Political pundits had tagged the district as likely Republican, and Balderson was able wring 50,000 more votes out of the district than he did two years ago. He chalks that up to a straight forward campaign pitch.
“You know we got results, we focused on those results and we didn’t have rhetoric, and I’m proud of this campaign,” Balderson said after the race was called.
COVID-19, of course, loomed large over every aspect of both nominee’s campaigns. Instead of knocking on doors and talking to potential voters, the campaigns have focused on literature drops. Balderson said he’s missing the opportunity to talk to voters at parades or county fairs, while Shearer got creative and retrofitted a bus to play music, turning campaign trips into something like a visit from the ice cream truck.
In addition to altering how the nominees campaign, the virus has become a major policy issue. Shearer expected the lack of a coordinated response from Washington D.C. to drive voters to her side. Meanwhile, Balderson insists Trump is best positioned to respond to the coronavirus and lead the country’s economic recovery.
Balderson says a new coronavirus relief package is a top priority when he gets back to Washington, but he argues his branch’s role is to help facilitate state and local response.

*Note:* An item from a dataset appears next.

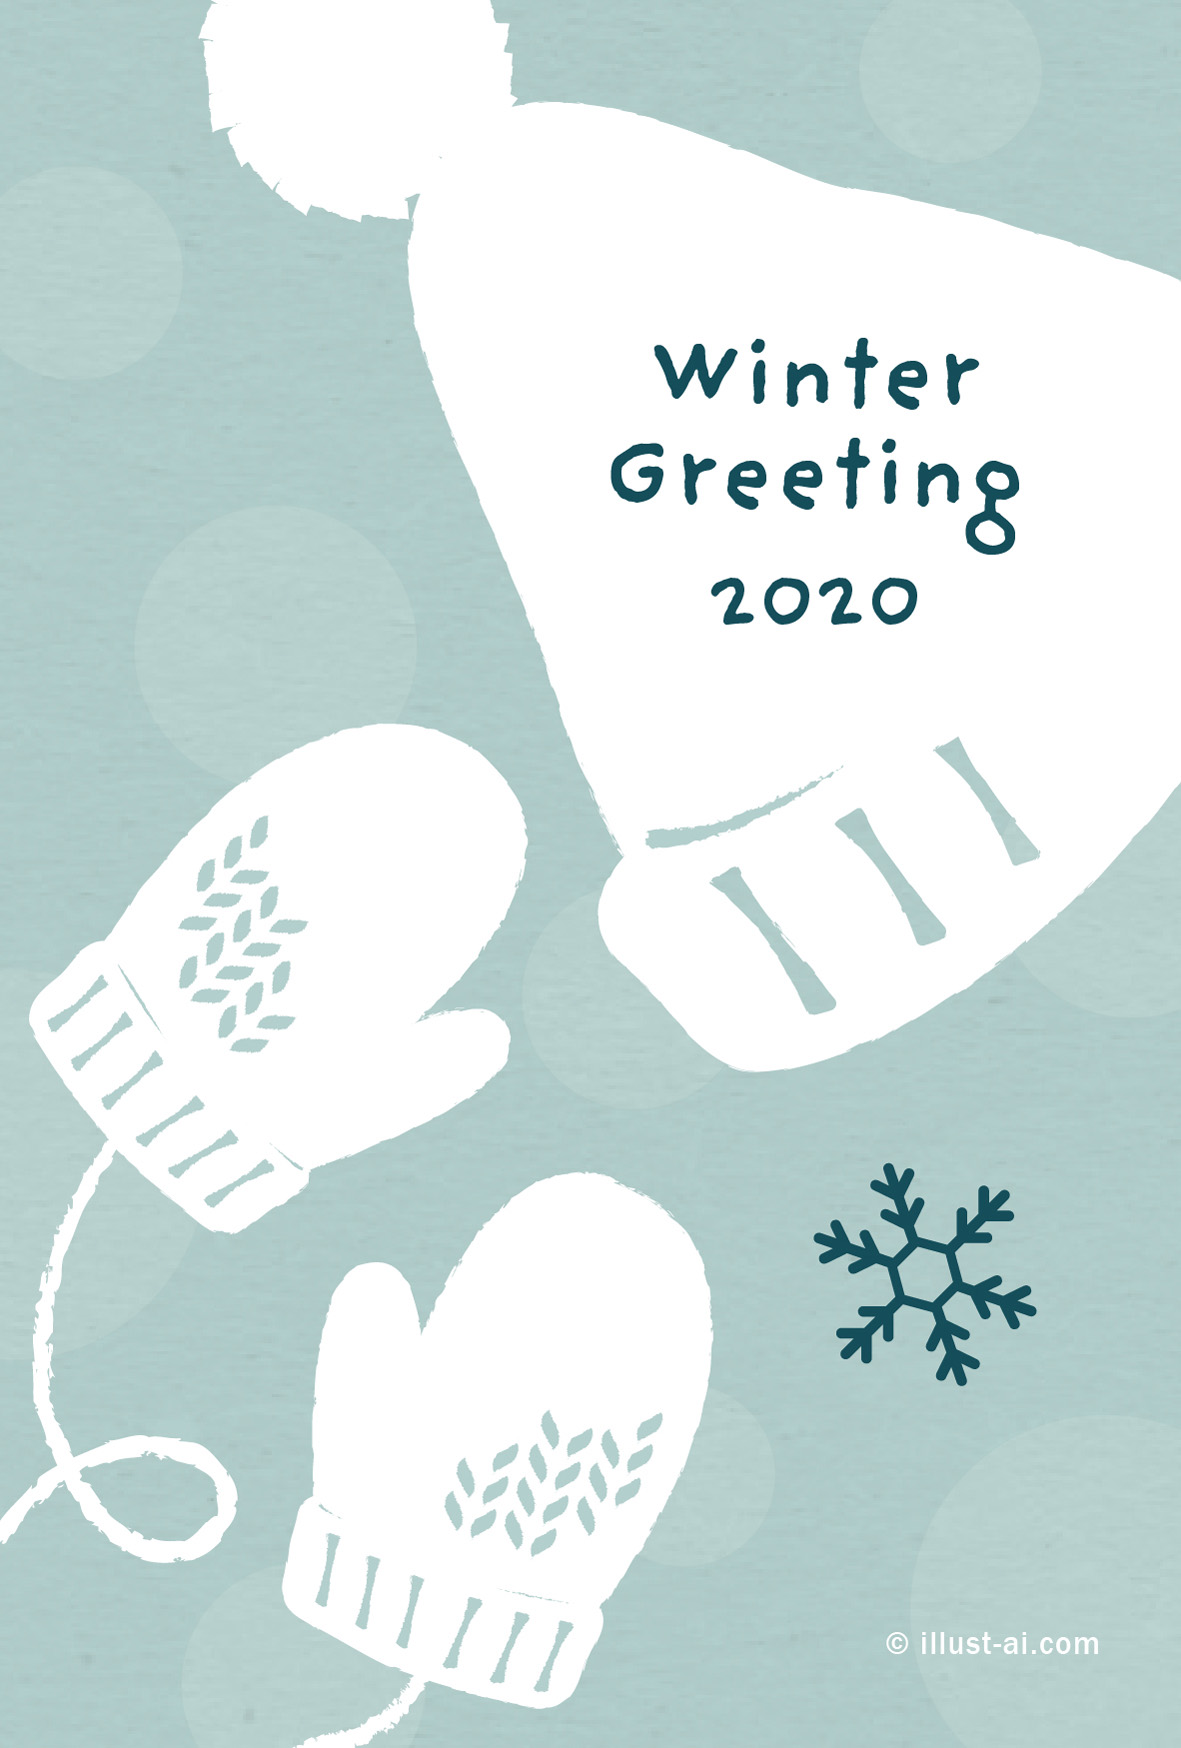 真っ白な手袋と帽子のグリーティングカード 寒中お見舞い19 ポストカード イラスト素材サイト イラストareira Postcard Template
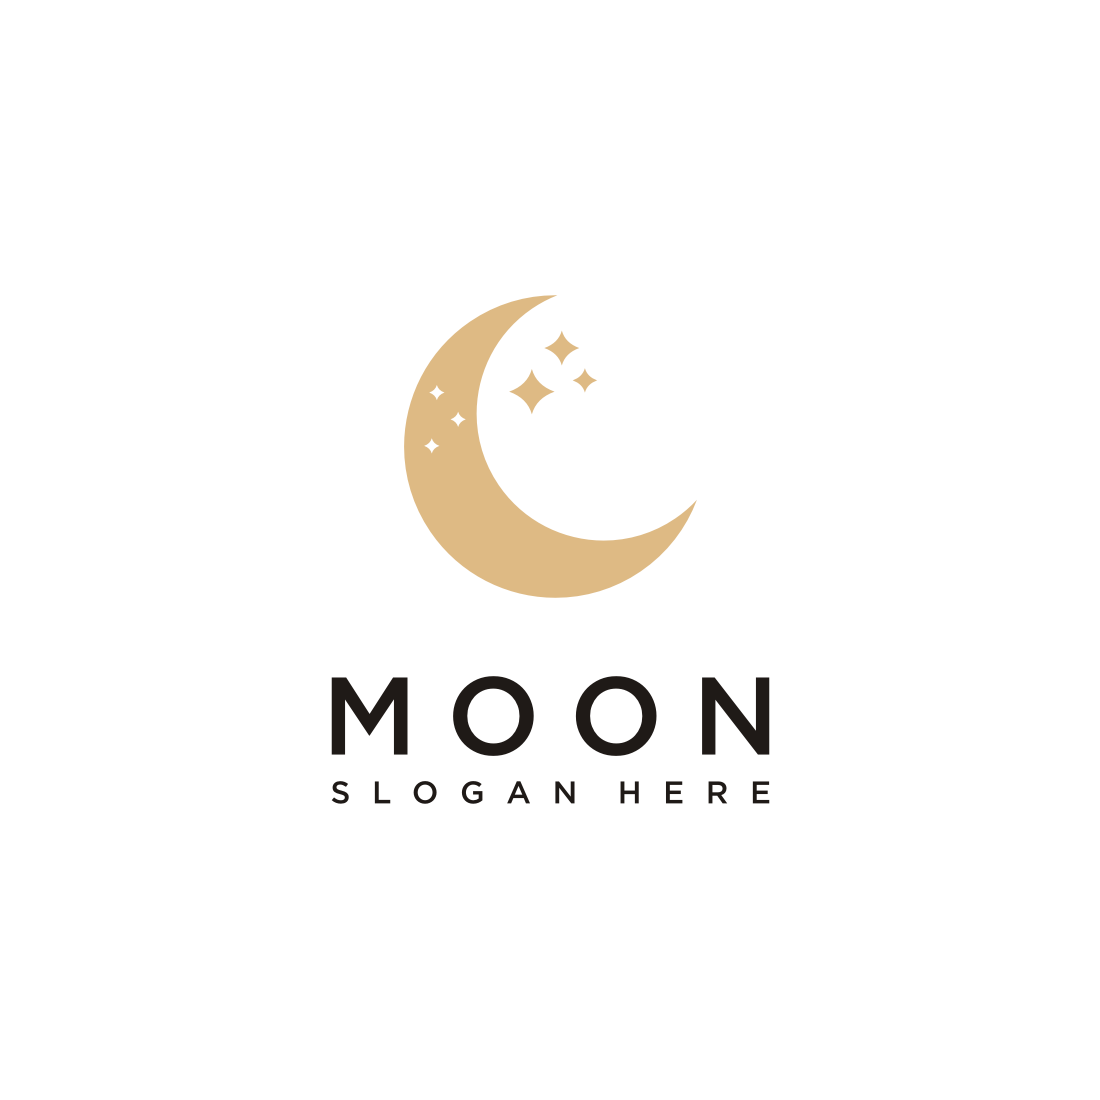 Moon Knight Logo PNG | Disney+ Variant by Bats66 on DeviantArt

“So as far as the federal government," Balderson said, "what they do for COVID, to me, is making sure that we get the needs and the supplies back to the state, back to the 12th congressional district, so we can deal with it.”
In a video posted to Facebook on Tuesday night, Shearer insisted a race run with a gerrymandered map is fundamentally unfair, and urged her supporters to be active as Ohio drafts new districts following the census.
“Take that energy and pour it into preventing gerrymandering from plaguing future generations of Ohioans," Shearer said. "Because we deserve to be able to vote for our representatives. They shouldn’t choose us, they shouldn’t choose their voters, and that’s why we have to fight to change it.”
When lawmakers draw new lines they will face new legal constraints meant to prevent the egregious map rigging, but even backers acknowledge there will still be opportunities for abuse. One silver lining for Democrats is new state Supreme Court Justice Jennifer Brunner, who they hope can help serve as a check as lawmakers draw those maps.